Мономах молча кивнул.
— Килограммов семь до нижнего предела нормы не хватало, ее ветром могло сдуть!
— Мамаша считает, что Калерия могла плохо воспринять мою угрозу кормить ее насильно.
— Эта неудавшаяся «Жизель»?
— С чего ты взял…
— Брось, видно же невооруженным глазом: походка, осанка, шея…
— Я, видишь ли, по костям больше, чем по походке!

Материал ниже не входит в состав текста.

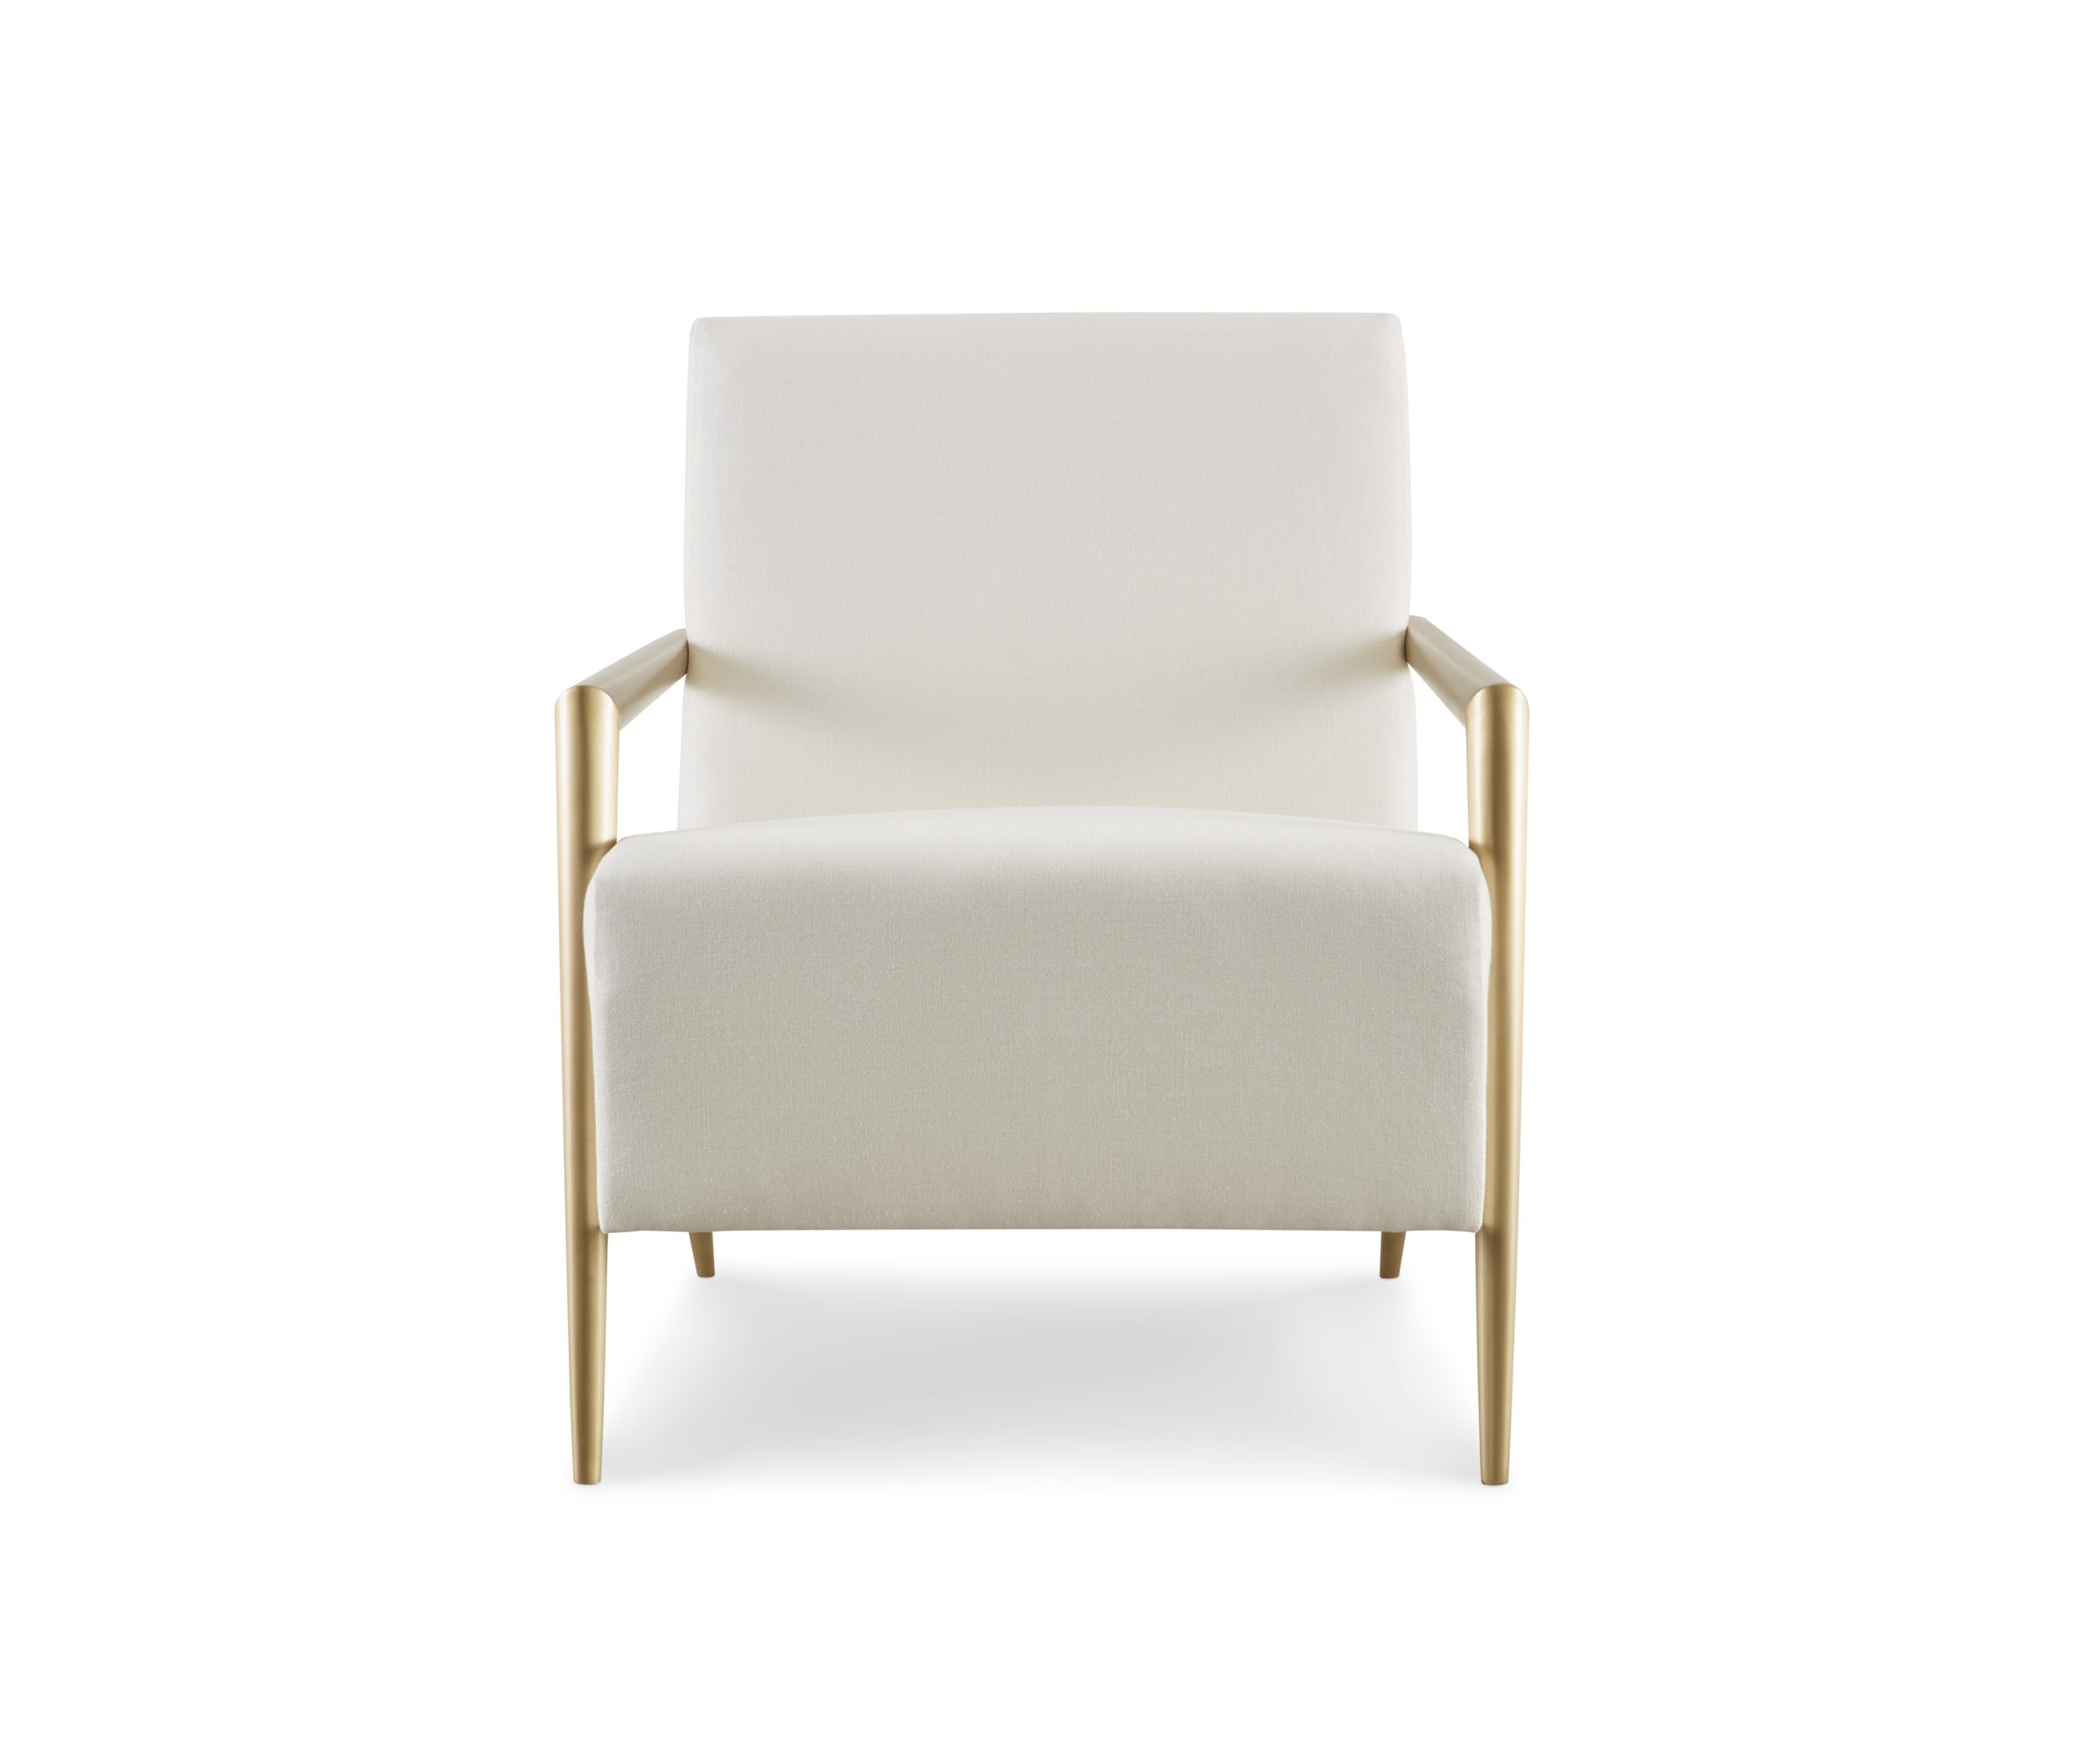 Baker_products_WNWN_enzo_lounge_chair_BAU3104c_FRONT-scaled-2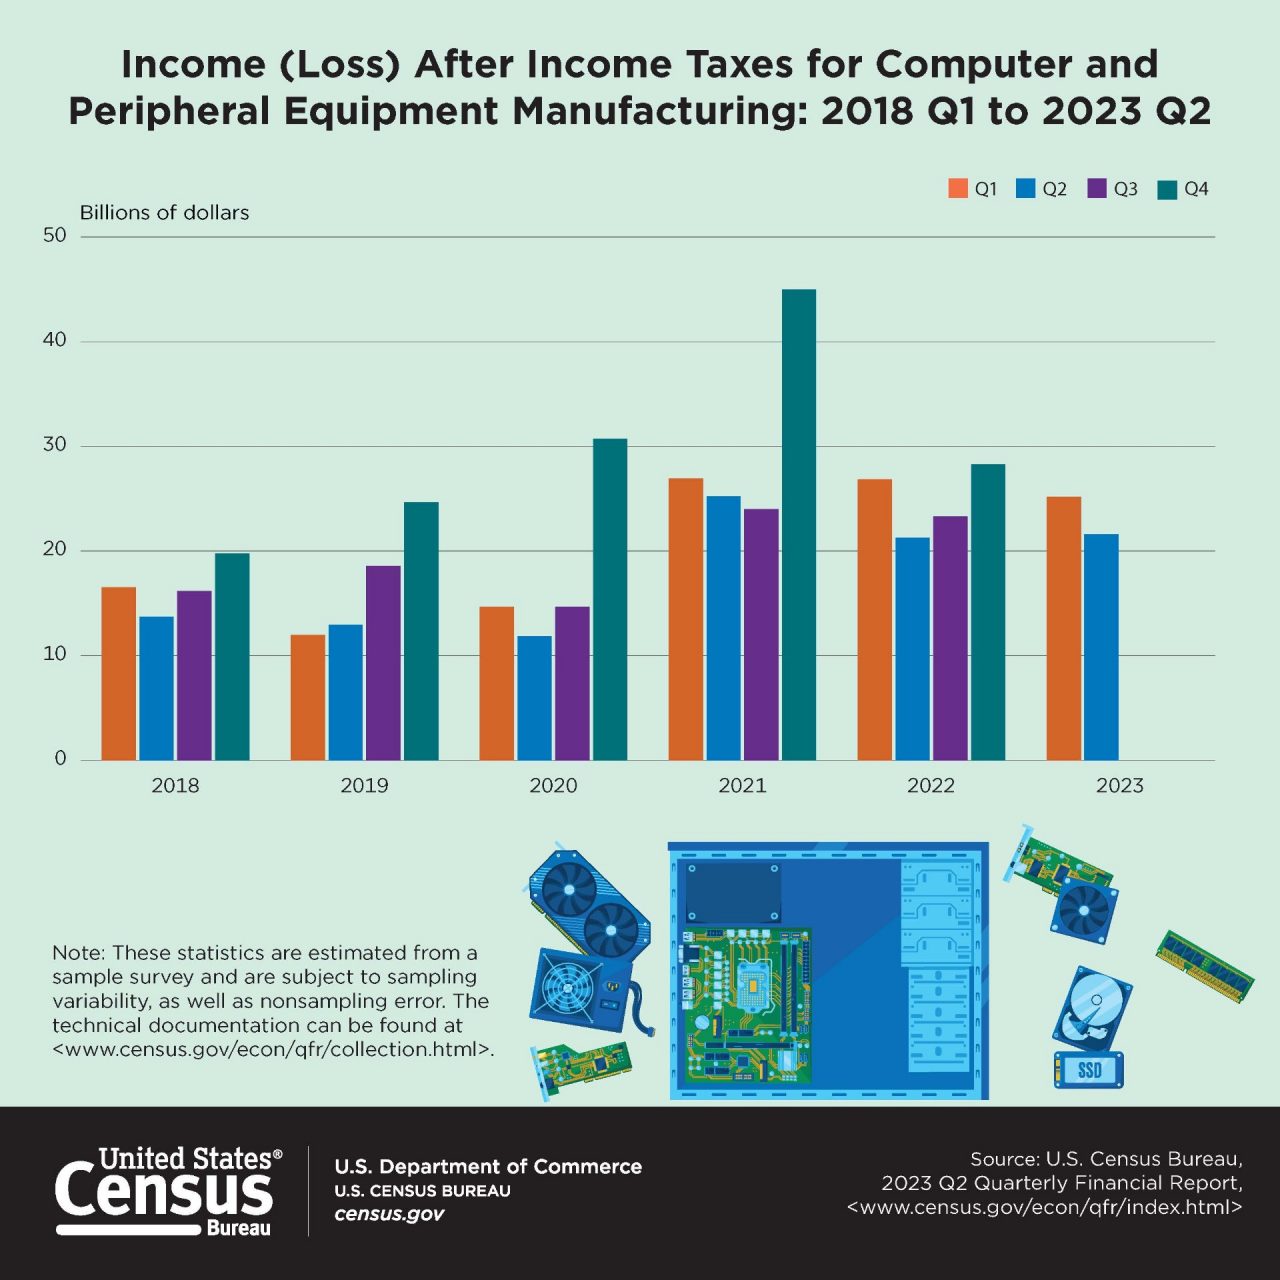 Income (Loss) After Income Taxes for Computer and Peripheral Equipment Manufacturing: 2018 Q1 to 2023 Q2

— Ну а я, как специалист во всех областях, заявляю: у мамаши определенно балетное прошлое. Сама — сухостой, это ладно, в конце концов, возраст позволяет, но дочка, недавно вышедшая из подросткового возраста, ничего не ела, а мать и не думала волноваться!
— Что в желудке?
— Да ни фига! Как минимум двое суток она не принимала никакой пищи. Мамаша навещала балеринку?
— Каждый день.
— И не приносила гостинцев?
— Я с ней разговаривал, убеждал, что дочери необходимо хорошо питаться, ведь балерина должна быть сильной и выносливой. Кроме того, она должна была выполнять рекомендации реабилитолога, разрабатывать ногу, но была слишком слаба. По-моему, у матери в одно ухо влетало, а из другого — со свистом вылетало! Все твердила, что главное для балерины, если, конечно, она хочет танцевать главные партии, — удобство партнера: он должен легко поднимать ее, не срывая при этом спину. А для этого, видишь ли, необходим минимальный вес!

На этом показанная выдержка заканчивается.